Department of Psychology, Faculty of Education, Qufu Normal University, Qufu, Shandong, China.
Department of Psychology, Faculty of Education, Qufu Normal University, Qufu, Shandong, China.
Int J Psychophysiol. 2020 Apr;150:11-19. doi: 10.1016/j.ijpsycho.2020.01.004. Epub 2020 Jan 23.

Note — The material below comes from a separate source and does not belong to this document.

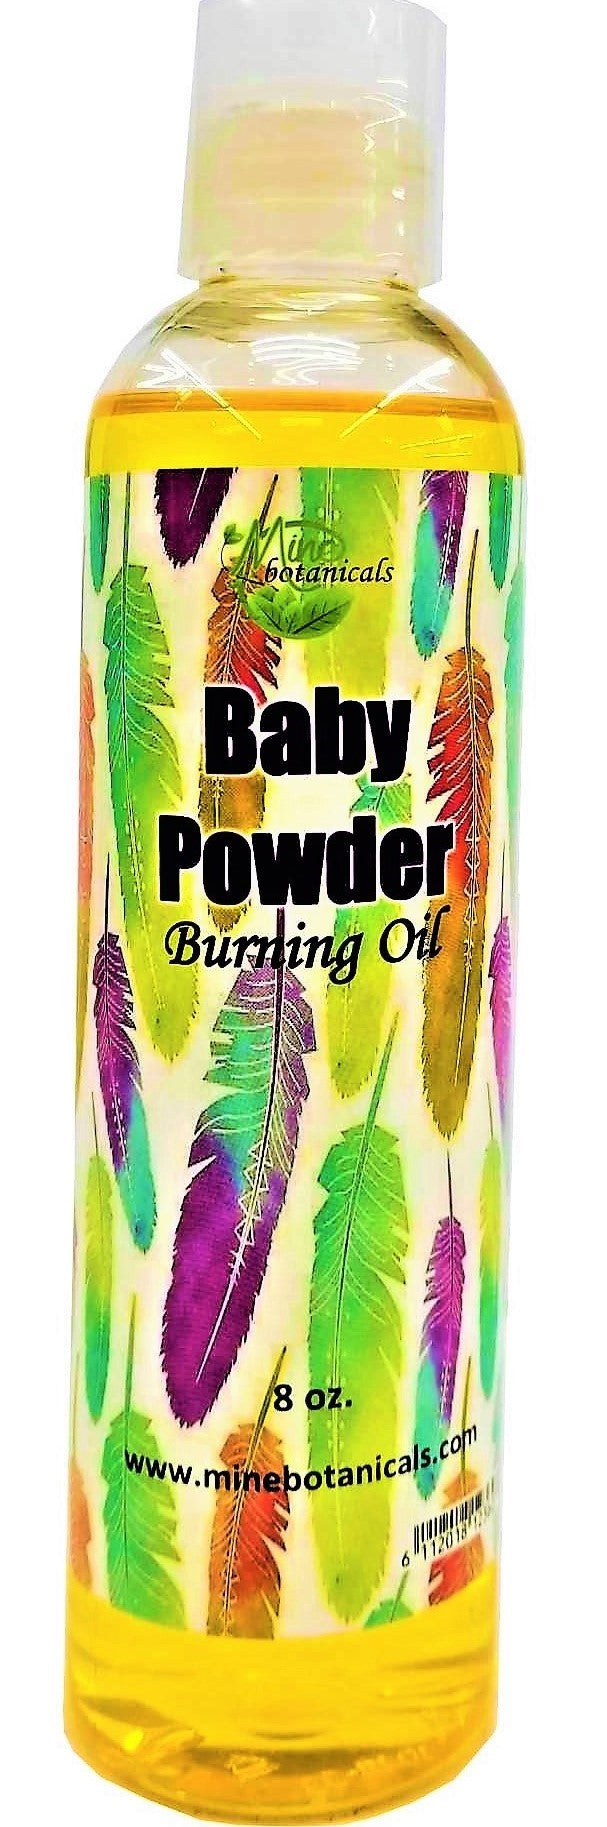 Baby Powder Burning Oil

Effective behavior monitoring, including internal monitoring/error detection and external monitoring/feedback, is very pivotal for reinforcement learning. However, less attention has been paid to internal monitoring and the dynamic learning performance in reinforcement learning, and there is still a heated debate on which kind of external feedback is relied on in the reinforcement learning. In order to address these questions, an adaption probabilistic selection task was used to examine the effect of the internal monitoring, external feedback and the relationship between them for approach learners and avoidance learners during dynamic learning process of reinforcement learning and behavior adaption. Error-related negativity (ERN), feedback-related negativity (FRN) and feedback-related P300 are three ERPs components, which can be used as the indexes of internal monitoring, external feedback and behavior adaption. For our results, the ERN effect of avoidance learners become large in block 3, which is earlier than approach learners (block 4). This phenomenon suggests that avoidance learners learned faster than approach learners. In addition, the FRN amplitude of avoidance learners in block 4 was significantly smaller than the other three blocks. The aforementioned results demonstrated a tradeoff relationship between the ERN and FRN effects.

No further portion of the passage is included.